Отчего вдруг пан Северин всполошился и вздыбил коня? Огинский прилип к окошку кареты, за которым замелькали перекошенные лица гайдуков. Экипаж резко затормозил, пан Анджей клюнул лобастой головой, чуть не потеряв парик.
— Что там? — сердито завопил дипломат. — Дерево бурей повалило иль лужа непролазная?
— Солдаты, ваша светлейшая милость, — испуганно заголосил кучер с облучка. — Пруссаки!
— Какие тут могут быть пруссаки? — осерчал пан Анджей. — Мы от Познани и трех верст не отъехали.
— Солдаты, — упрямился форейтор в богатой княжеской ливрее. — Много! Что я, прусской формы не разберу?
— Ты, случаем, старой водки в Познани не пил?
— Да сами поглядите!
Огнинский приоткрыл дверцу кареты, осторожно вгляделся на запад и часто-часто заморгал. На них надвигались колонны солдат, марширующих по жнивью с остатками соломы. В безошибочно узнаваемой форме. На мгновение, в редкой весенней пыли, пану Анджею пригрезилось, что на их головах рыцарские рогатые шлемы. Но нет, то были фузилерные колпаки с торчащим острием-гренадой.

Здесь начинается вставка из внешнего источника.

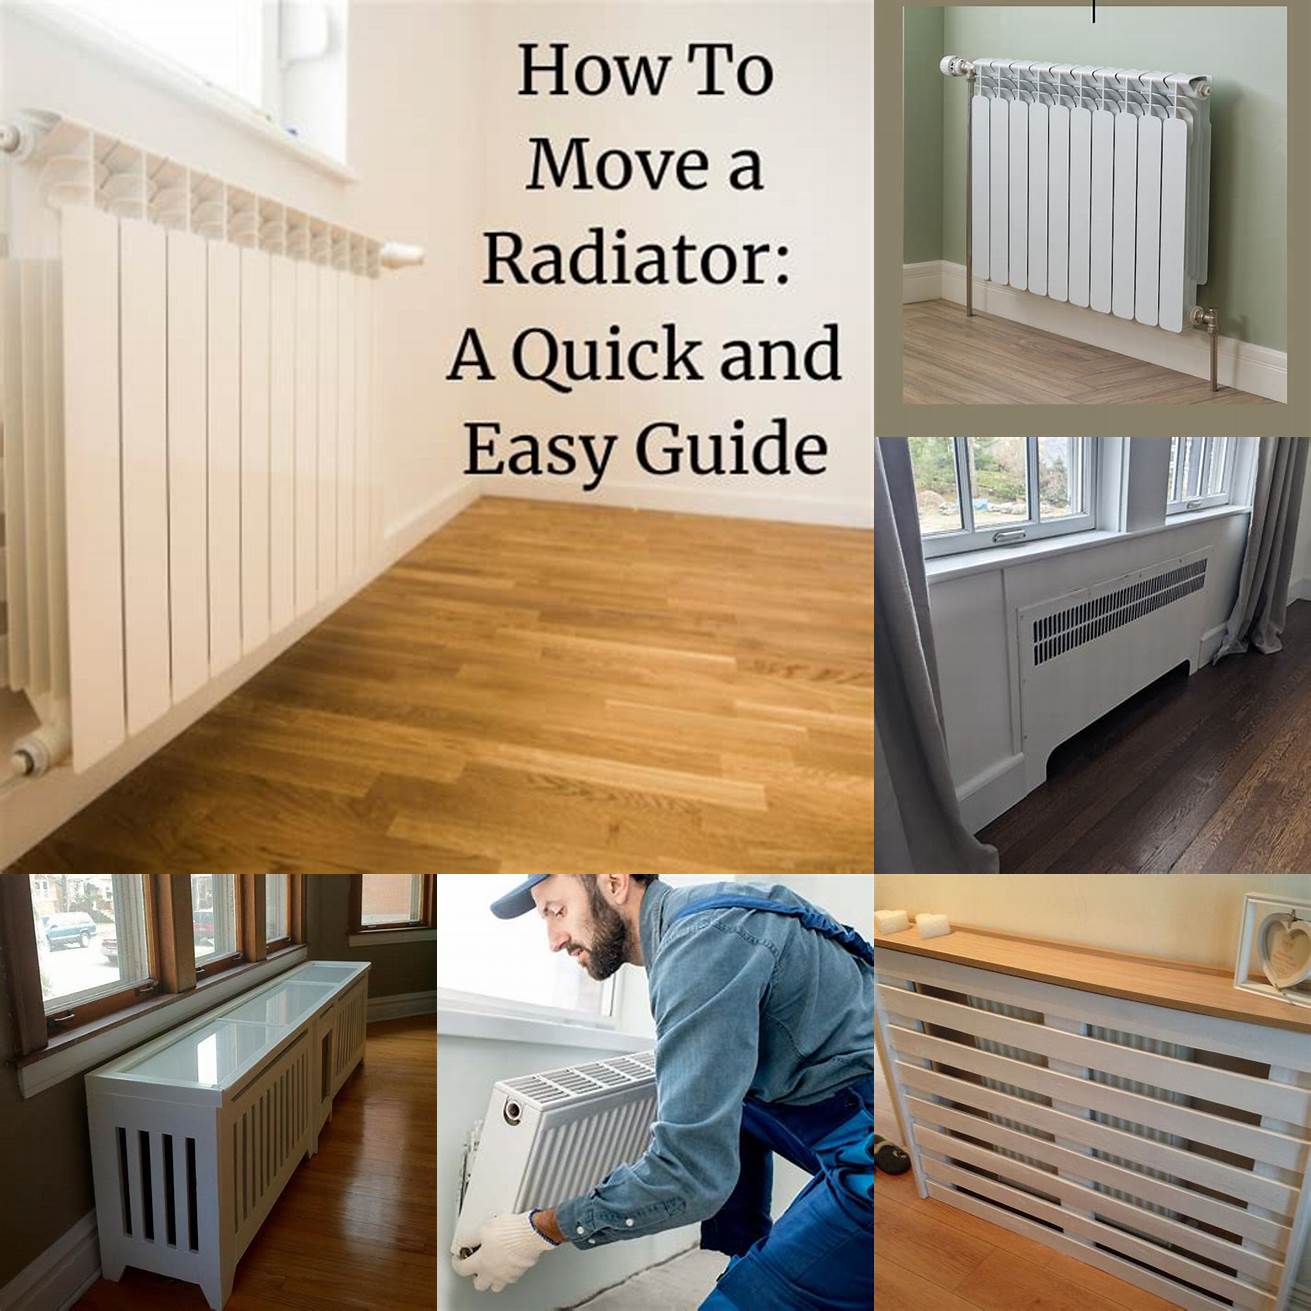 Move away from radiators

— С дороги! — рявкнул первый в колонне капрал.
— Я посол! — возмутился пан Анджей.
— Los!
Пруссак не шутил, и ляхи предпочли за лучшее, убраться подобру-поздорову. Карета съехал в поле, пока не встала колом. Эскорт потрясенно молчал, наблюдая, как батальон за батальоном проходят мимо на восток. Конная артиллерия тянула «колбасные» ящики с торчащей сзади пушкой, кавалерия превращала обочину в жидкое месиво, потянулись бесконечные обозы, длинные, как язык короля Станислава, обещавшего Речь Посполитой век процветания. Казалось, границу Польши пересекла вся военная Пруссия — более чем полтораста тысяч солдат.
— Кто вы, господа?
Приблизившийся к полякам офицер из 6-го полка «фарфоровых драгун» выглядел любезным. Он был в белом мундире, а не в синим, как все остальная прусская драгунская кавалерия. Его рука лежала на эфесе-корзине тяжелого палаша, но глаза лучились легкой снисходительностью, а не угрозой.
Огинский представился.
— Вам придется еще немного подождать. Король скоро появится.
Фридрих со своим штабом прибыл в окружении эскадронов Garde du Corps, тяжелых кирасиров в красных сюртуках под выкрашенных черной масляной краской кирасах. Каждый спешился, снял с седла коновязный кол, воткнул его в землю, привязал коня и бегом бросился занять свое место в строю, окружавших Старого Фрица.
— Разрешите представиться, сир, посол польского короля и сейма Речи Посполитой, Анджей Огинский! Мои спутники из славных магнатских фамилий — Юзеф Браницкий и Ташкевич-младший.
— С чем пожаловали? — задав вопрос, король хищно раздул ноздри своего крючковатого носа.
Утратив с годами мужественный вид и грацию молодости, он наел приличную ряху, что не мог не отметить поляк, давно не видавший монарха.
— О, ваше величество, есть немало вопросов, которые следовало бы обсудить. Данциг…
— Я прибыл в Польшу, чтобы ее защитить.
Посол удивился.
— Разве мы нуждаемся в защите?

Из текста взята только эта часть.